The team has also uncovered surprising new characteristics of centromeres, which lie at the cruxes of chromosomes and conduct cell division, pulling apart as cells duplicate. Mutations in centromeres can lead to cancers and other diseases.
Despite having highly repetitive DNA sequences, "centromeres are so diverse from one haplotype to another, that they can account for more than 50 percent of the genetic differences between people or maternal and paternal haplotypes even within one individual," Jarvis says. "The centromeres seem to be one of the most rapidly evolving parts of the chromosome."
Relationship building
The current 47-people pangenome is just a starting point, however. The HPRC's ultimate goal is to produce high-quality, nearly error-free genomes from at least 350 individuals from diverse populations by mid-2024, a milestone that would make it possible to capture rare alleles that confer important adaptive traits.
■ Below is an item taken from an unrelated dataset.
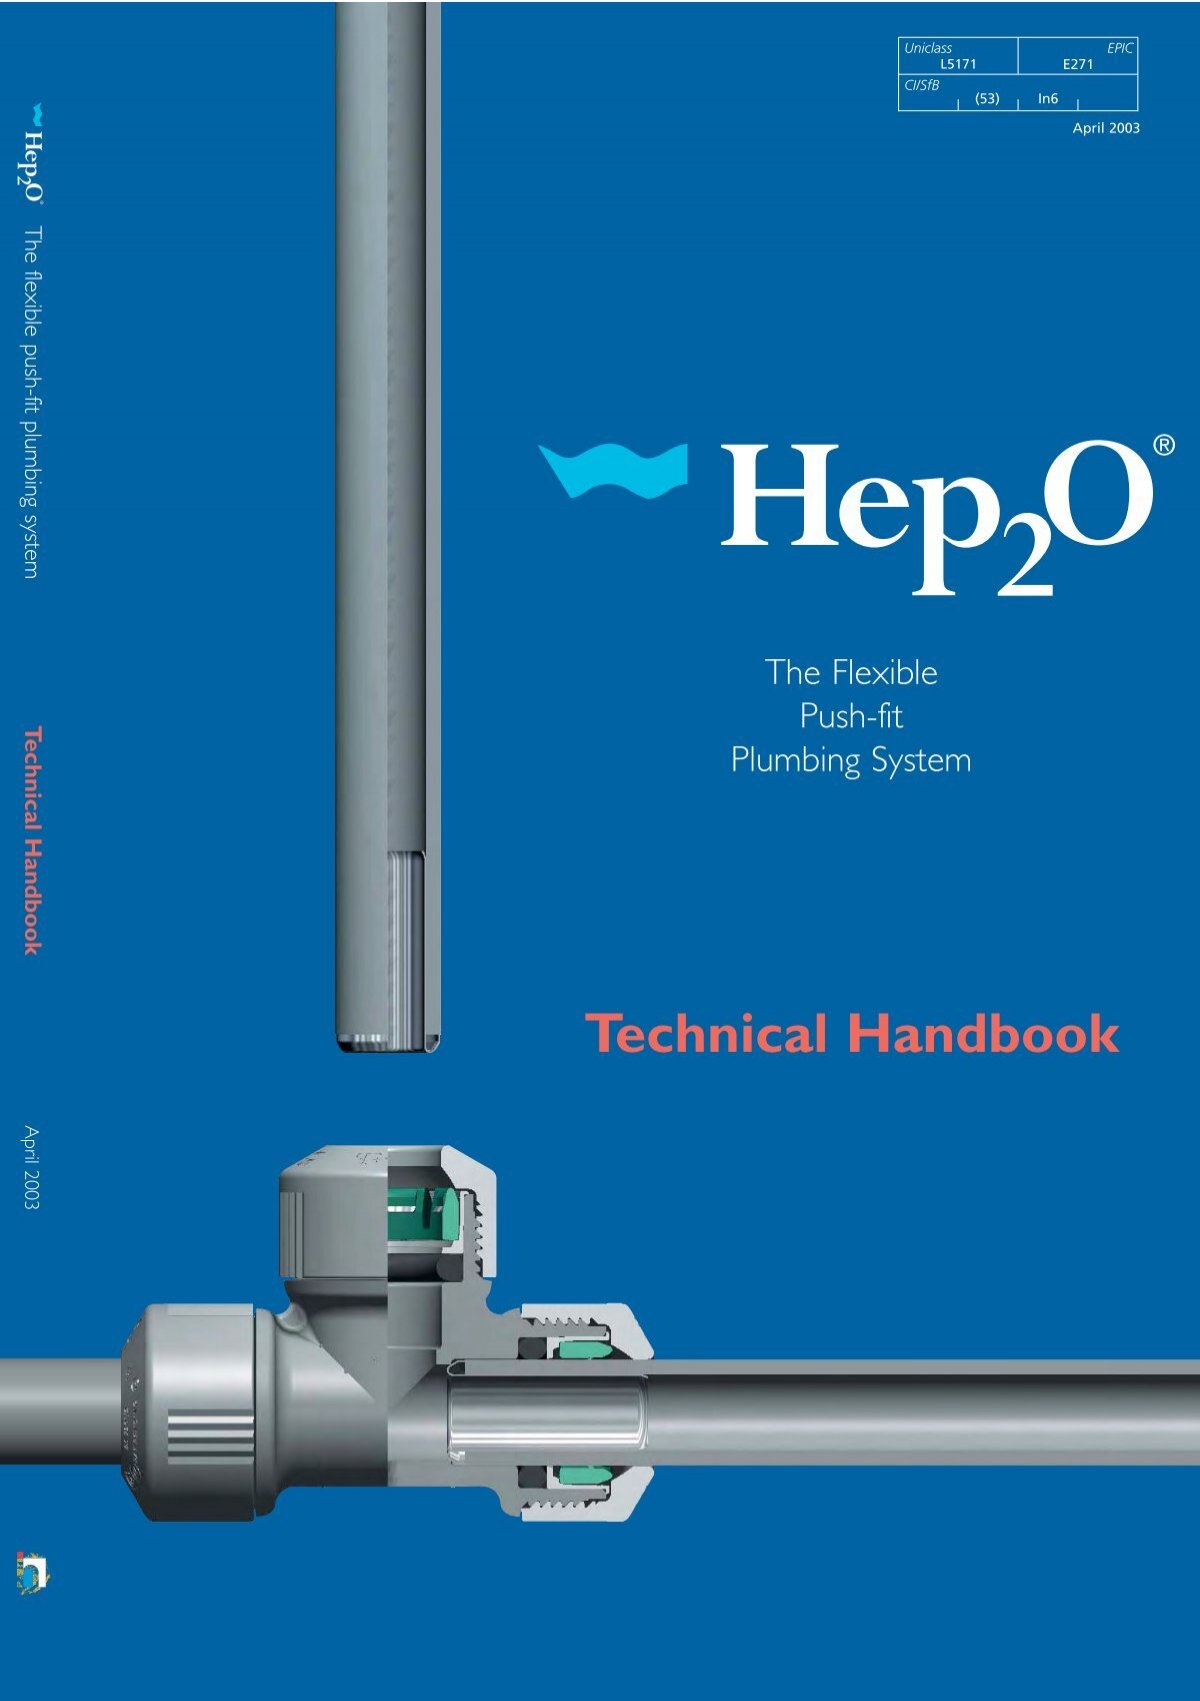 Hep20 Technical Handbook

Tibetans, for example, have alleles related to oxygen use and UV light exposure that enable them to live at high altitudes.
A major challenge in collecting this data will be to gain trust from communities that have seen past abuses of biological data; for example, there are no samples in the current study from Native American nor Aboriginal peoples, who have been long been disregarded or exploited by scientific studies. But you don't have to go far back in time to find examples of unethical use of genetic data: Just a few years ago, DNA samples from thousands of Africans in multiple countries were commercialized without the donors' knowledge, consent, or benefit.
These offenses have sown mistrust against scientists among many populations. But by not being included, some of these groups could remain genetically obscure, leading to a perpetuation of the biases in the data—and to continued disparities in health outcomes.
"It's a complex situation that's going to require a lot of relationship building," Jarvis says. "There's greater sensitivity now."
And even today, many groups are willing to participate. "There are individuals, institutions, and governmental bodies from different countries who are saying, 'We want to be part of this. We want our population to be represented,'" Jarvis says. "We're already making progress."